#### Your goal
Transcribe the data exactly, omitting whatever pictures it holds.

*** Opening of Available data ***

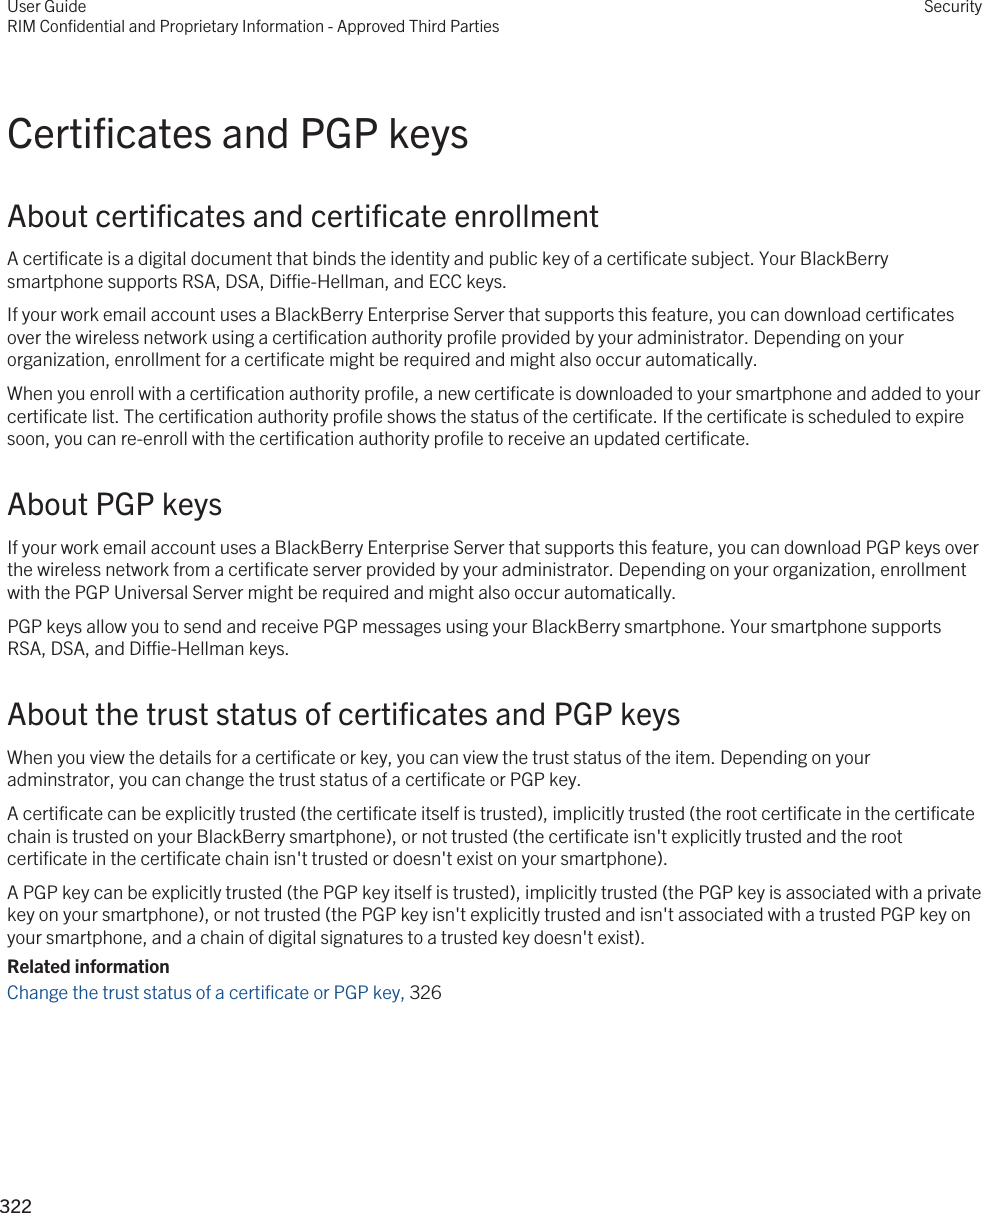 Certificates and PGP keysAbout certificates and certificate enrollmentA certificate is a digital document that binds the identity and public key of a certificate subject. Your BlackBerry smartphone supports RSA, DSA, Diffie-Hellman, and ECC keys.If your work email account uses a BlackBerry Enterprise Server that supports this feature, you can download certificates over the wireless network using a certification authority profile provided by your administrator. Depending on your organization, enrollment for a certificate might be required and might also occur automatically.When you enroll with a certification authority profile, a new certificate is downloaded to your smartphone and added to your certificate list. The certification authority profile shows the status of the certificate. If the certificate is scheduled to expire soon, you can re-enroll with the certification authority profile to receive an updated certificate.About PGP keysIf your work email account uses a BlackBerry Enterprise Server that supports this feature, you can download PGP keys over the wireless network from a certificate server provided by your administrator. Depending on your organization, enrollment with the PGP Universal Server might be required and might also occur automatically.PGP keys allow you to send and receive PGP messages using your BlackBerry smartphone. Your smartphone supports RSA, DSA, and Diffie-Hellman keys.About the trust status of certificates and PGP keysWhen you view the details for a certificate or key, you can view the trust status of the item. Depending on your adminstrator, you can change the trust status of a certificate or PGP key.A certificate can be explicitly trusted (the certificate itself is trusted), implicitly trusted (the root certificate in the certificate chain is trusted on your BlackBerry smartphone), or not trusted (the certificate isn&apos;t explicitly trusted and the root certificate in the certificate chain isn&apos;t trusted or doesn&apos;t exist on your smartphone).A PGP key can be explicitly trusted (the PGP key itself is trusted), implicitly trusted (the PGP key is associated with a private key on your smartphone), or not trusted (the PGP key isn&apos;t explicitly trusted and isn&apos;t associated with a trusted PGP key on your smartphone, and a chain of digital signatures to a trusted key doesn&apos;t exist).Related informationChange the trust status of a certificate or PGP key, 326User GuideRIM Confidential and Proprietary Information - Approved Third PartiesSecurity322 
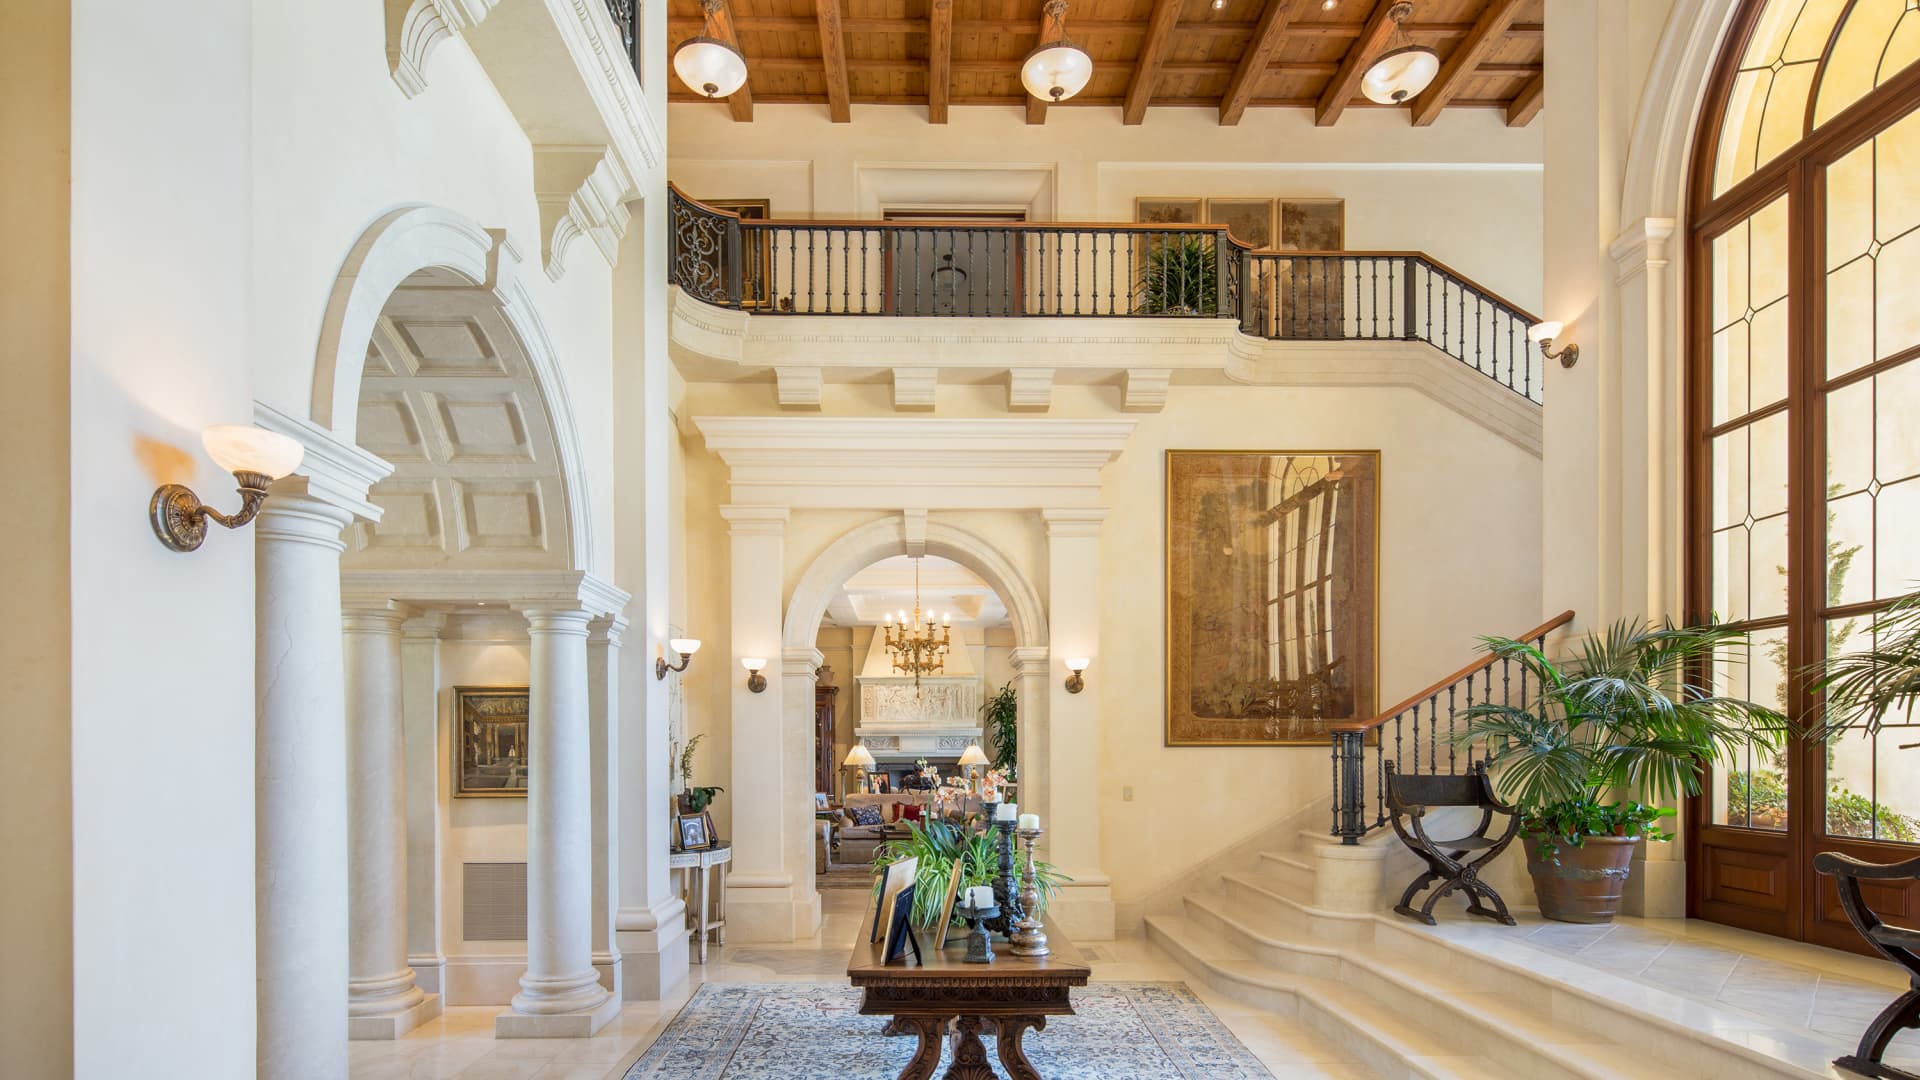 With vaulted ceilings and marble arches, Villa Firenze is reminiscent of an Italian villa.
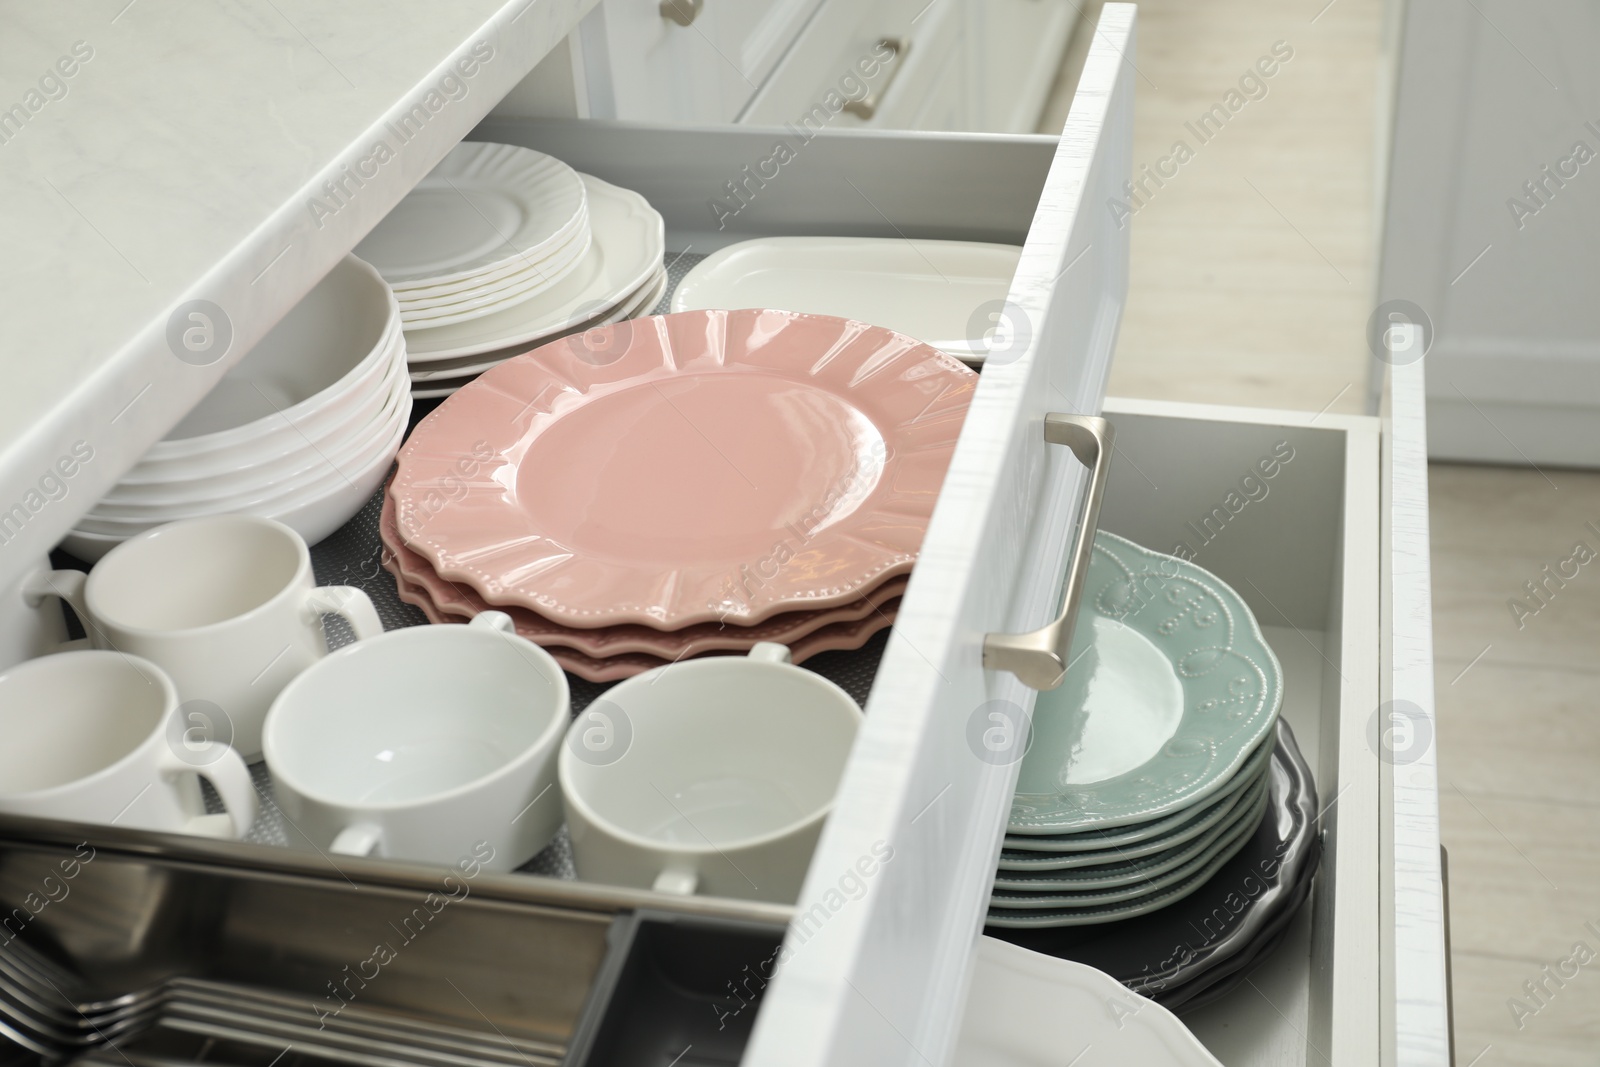 Photo of Clean plates, bowls and cups in drawers indoors

*** Close of Available data ***

#### Response to this exercise
 Certificates and PGP keysAbout certificates and certificate enrollmentA certificate is a digital document that binds the identity and public key of a certificate subject. Your BlackBerry smartphone supports RSA, DSA, Diffie-Hellman, and ECC keys.If your work email account uses a BlackBerry Enterprise Server that supports this feature, you can download certificates over the wireless network using a certification authority profile provided by your administrator. Depending on your organization, enrollment for a certificate might be required and might also occur automatically.When you enroll with a certification authority profile, a new certificate is downloaded to your smartphone and added to your certificate list. The certification authority profile shows the status of the certificate. If the certificate is scheduled to expire soon, you can re-enroll with the certification authority profile to receive an updated certificate.About PGP keysIf your work email account uses a BlackBerry Enterprise Server that supports this feature, you can download PGP keys over the wireless network from a certificate server provided by your administrator. Depending on your organization, enrollment with the PGP Universal Server might be required and might also occur automatically.PGP keys allow you to send and receive PGP messages using your BlackBerry smartphone. Your smartphone supports RSA, DSA, and Diffie-Hellman keys.About the trust status of certificates and PGP keysWhen you view the details for a certificate or key, you can view the trust status of the item. Depending on your adminstrator, you can change the trust status of a certificate or PGP key.A certificate can be explicitly trusted (the certificate itself is trusted), implicitly trusted (the root certificate in the certificate chain is trusted on your BlackBerry smartphone), or not trusted (the certificate isn&apos;t explicitly trusted and the root certificate in the certificate chain isn&apos;t trusted or doesn&apos;t exist on your smartphone).A PGP key can be explicitly trusted (the PGP key itself is trusted), implicitly trusted (the PGP key is associated with a private key on your smartphone), or not trusted (the PGP key isn&apos;t explicitly trusted and isn&apos;t associated with a trusted PGP key on your smartphone, and a chain of digital signatures to a trusted key doesn&apos;t exist).Related informationChange the trust status of a certificate or PGP key, 326User GuideRIM Confidential and Proprietary Information - Approved Third PartiesSecurity322 
 With vaulted ceilings and marble arches, Villa Firenze is reminiscent of an Italian villa.
 Photo of Clean plates, bowls and cups in drawers indoors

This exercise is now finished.